Activity =
Down to the last line, set down the material below exactly, excluding pictures.

Data shown =
[Start of Attachment]

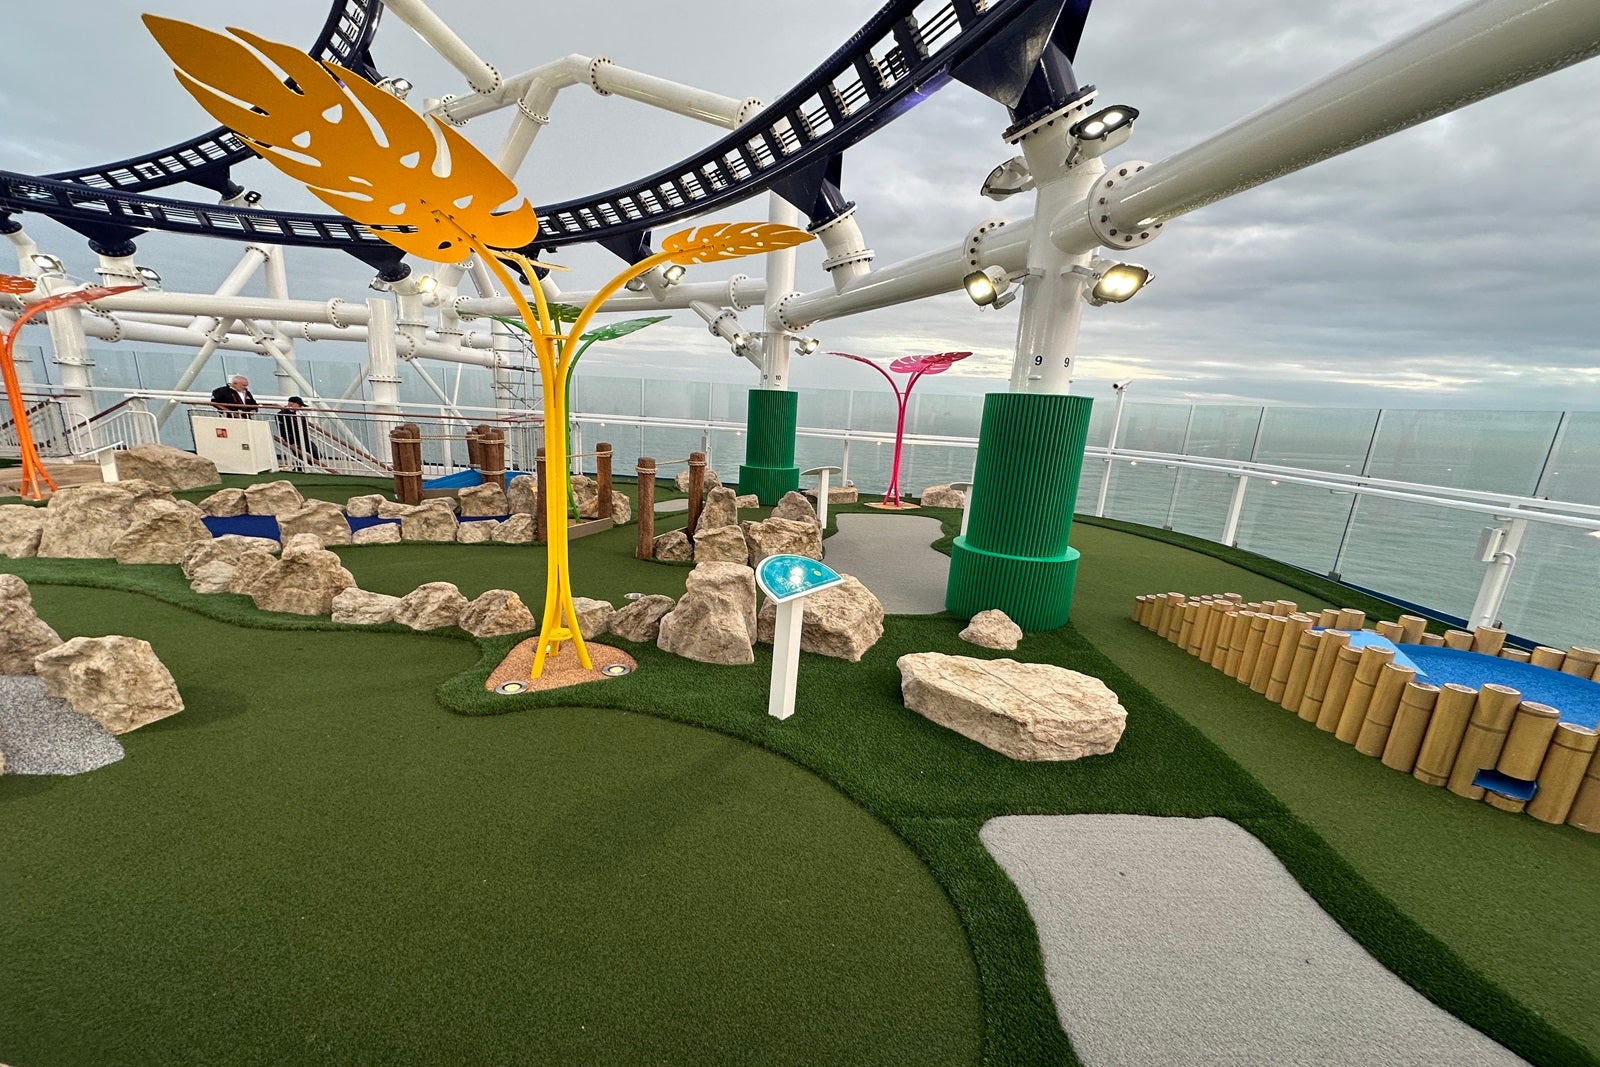 Part of a cruise ship miniature golf course with a portion of roller coaster track overhead
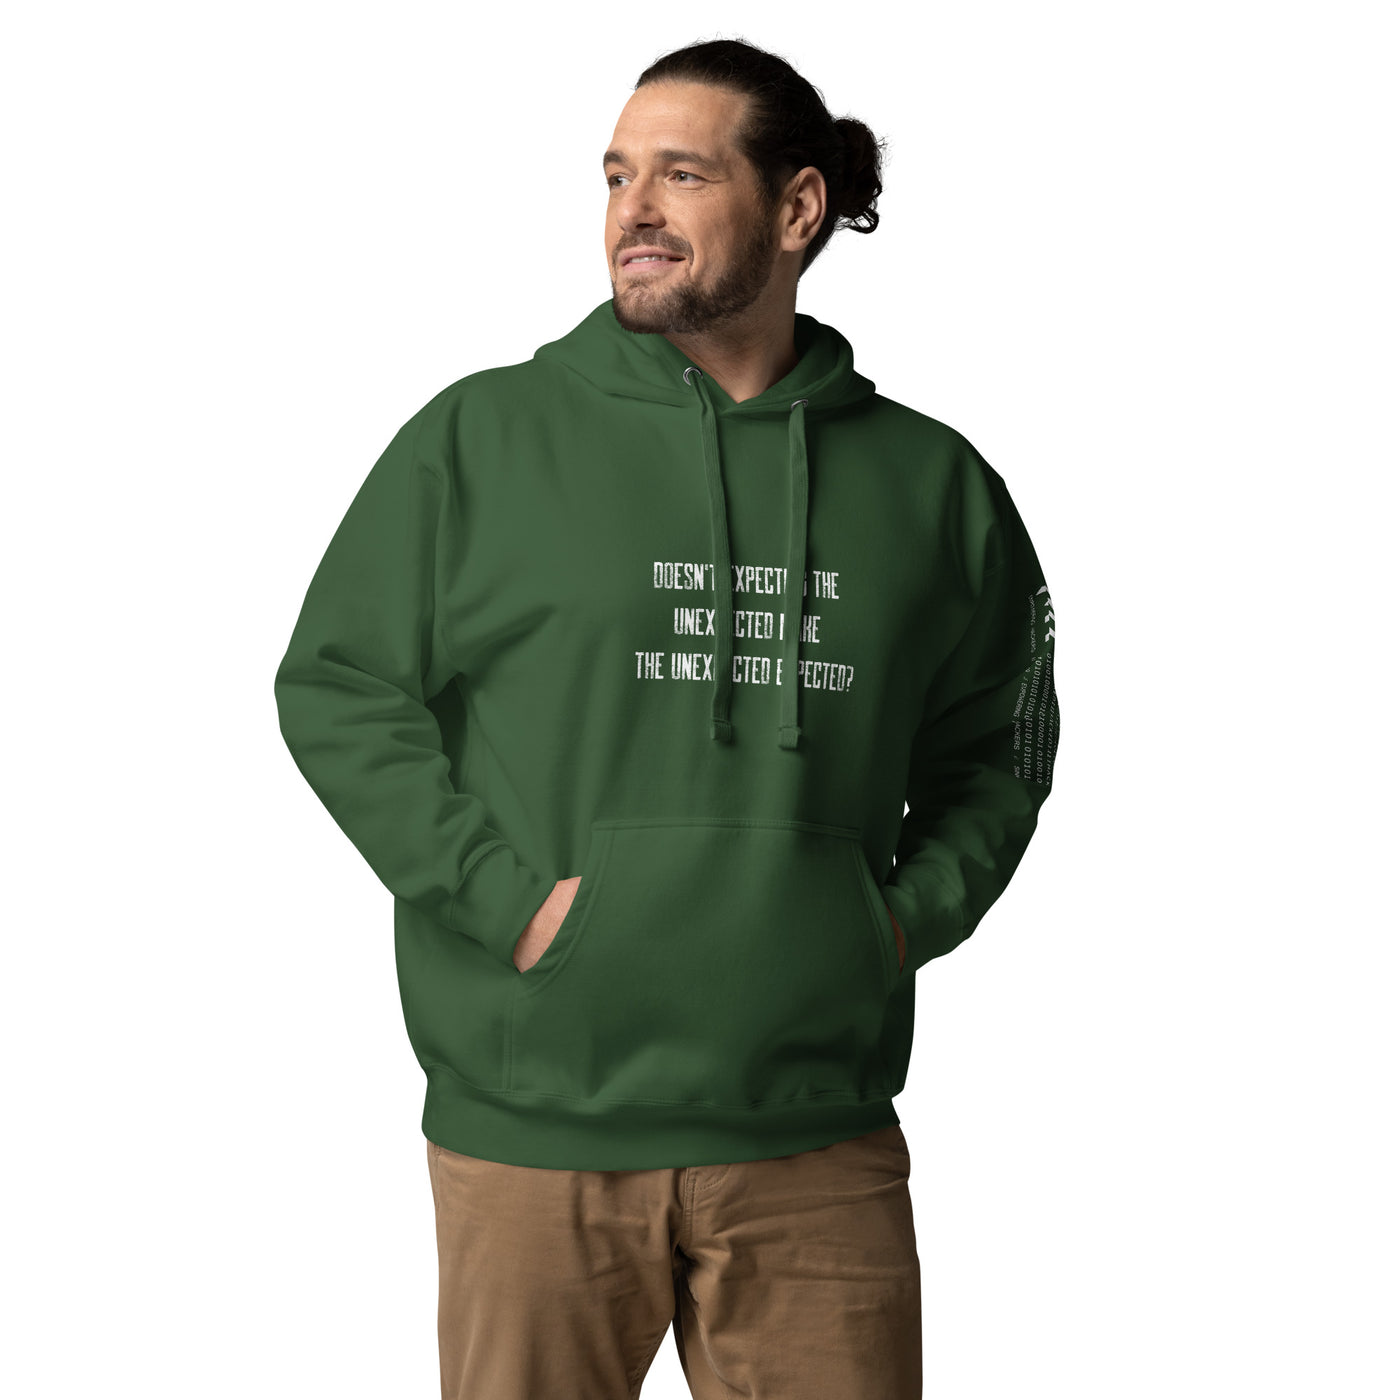 Doesn't expecting the unexpected make the unexpected expected V2 - Unisex Hoodie
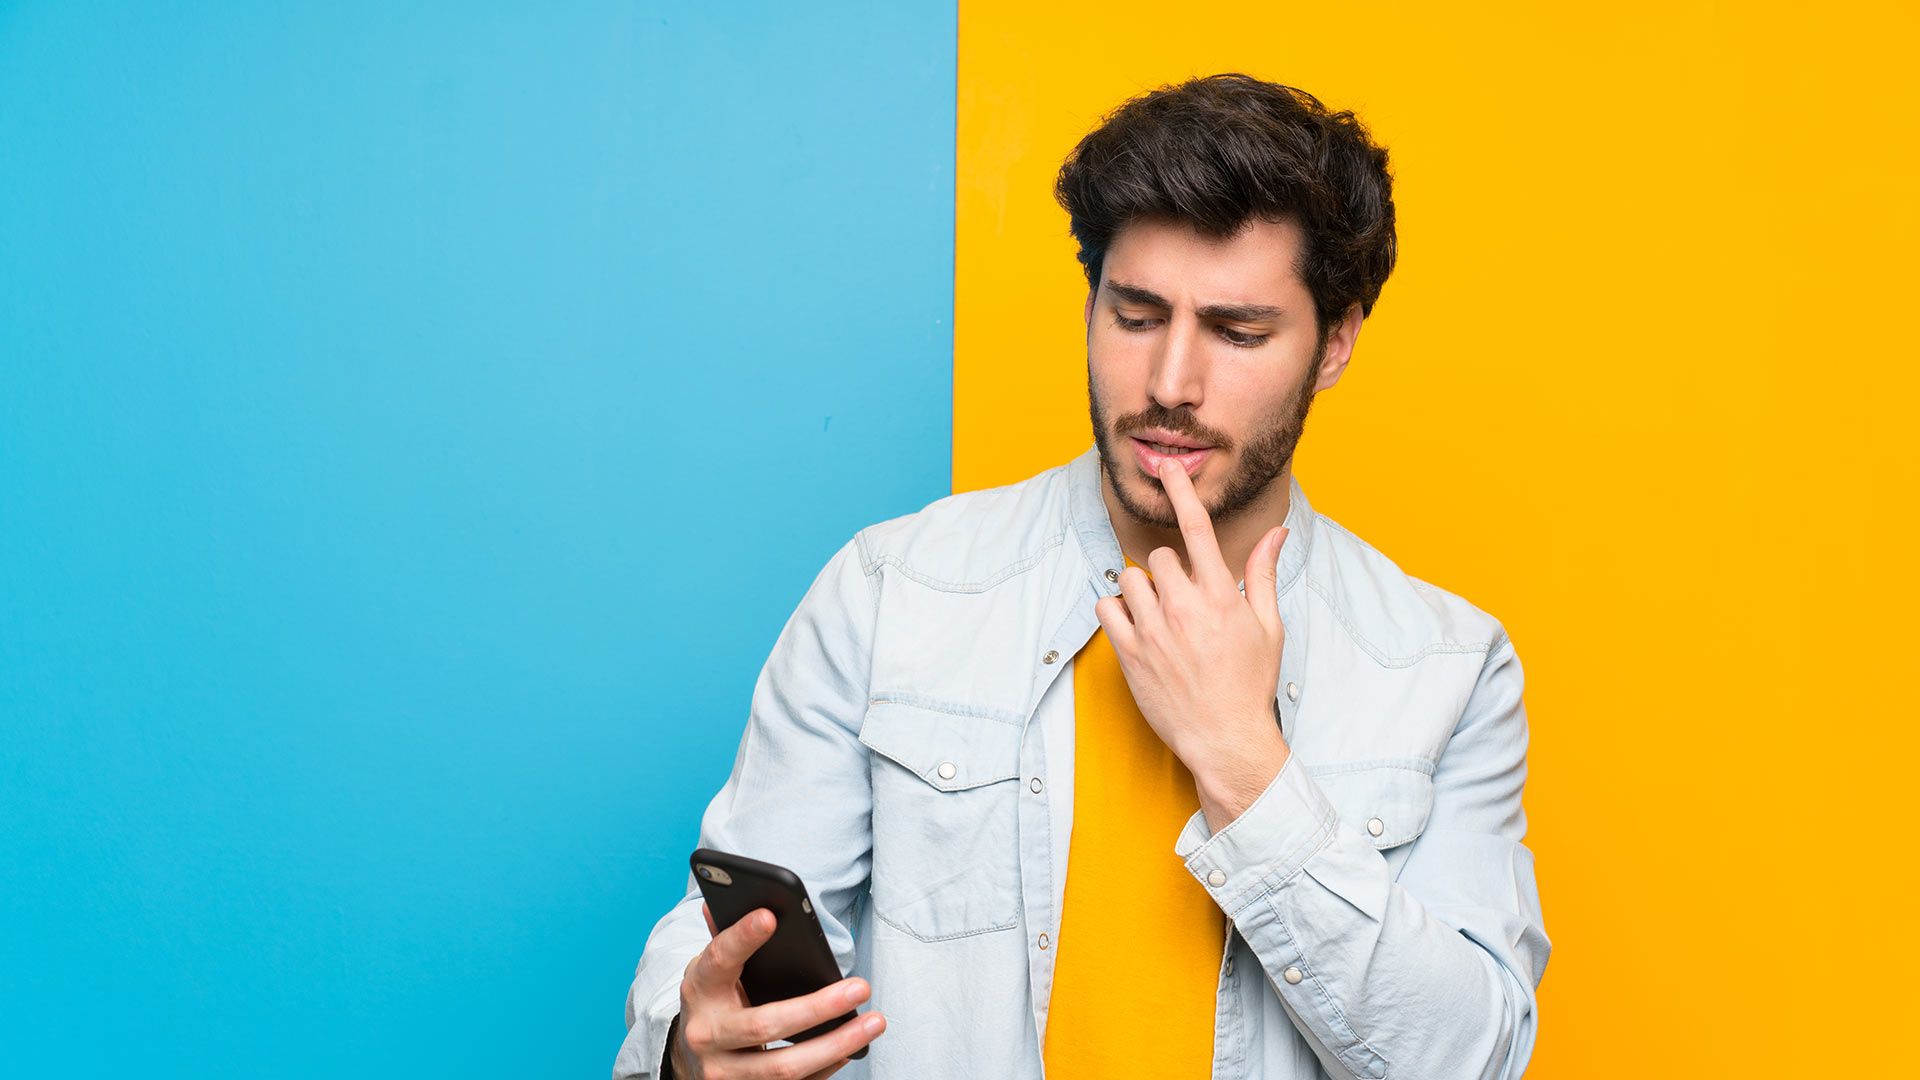 Brunette man wearing a yellow shirt looking at his phone and touching his lower lip. Split blue and yellow background.
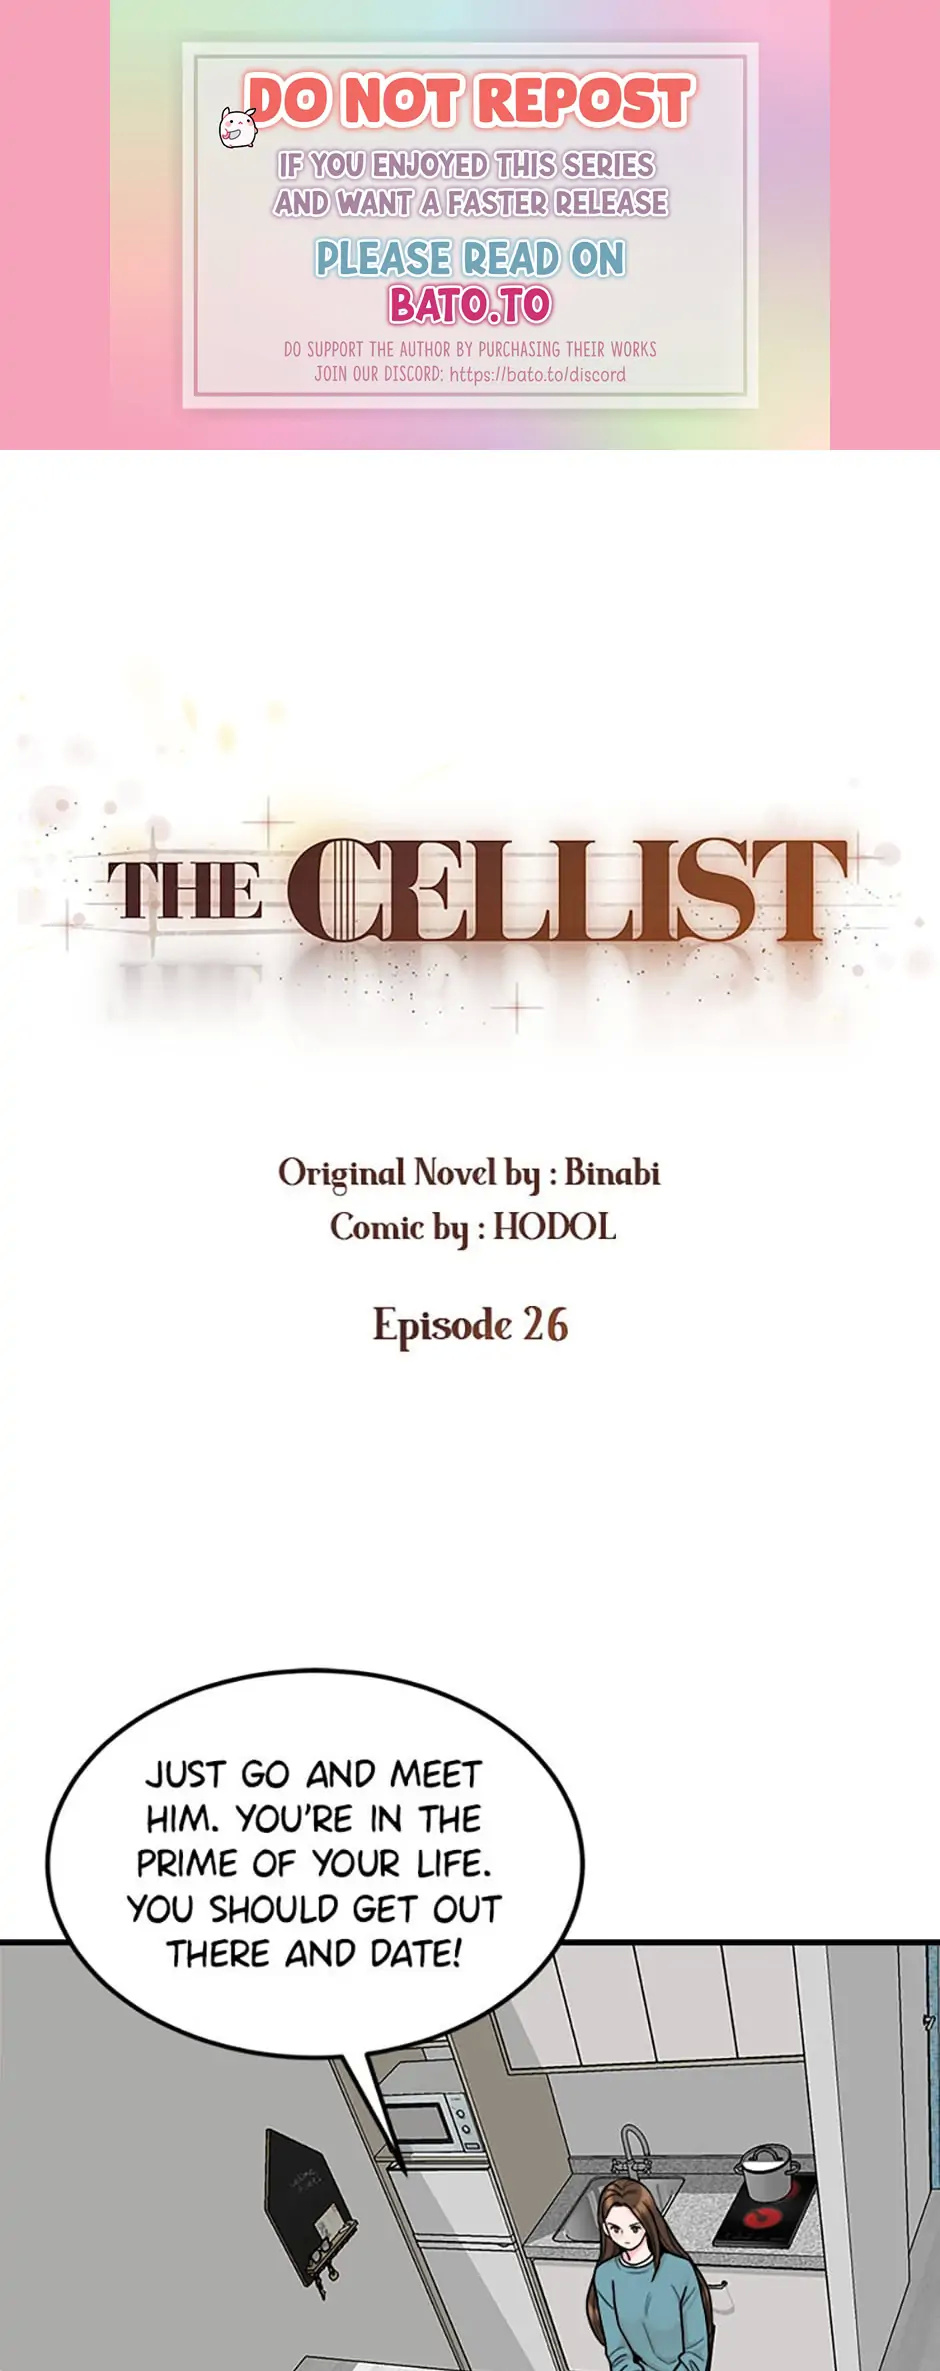 The Cellist - Page 1

[End of Attachment]

Expected output =
 Part of a cruise ship miniature golf course with a portion of roller coaster track overhead
 Doesn't expecting the unexpected make the unexpected expected V2 - Unisex Hoodie
 Brunette man wearing a yellow shirt looking at his phone and touching his lower lip. Split blue and yellow background.
 The Cellist - Page 1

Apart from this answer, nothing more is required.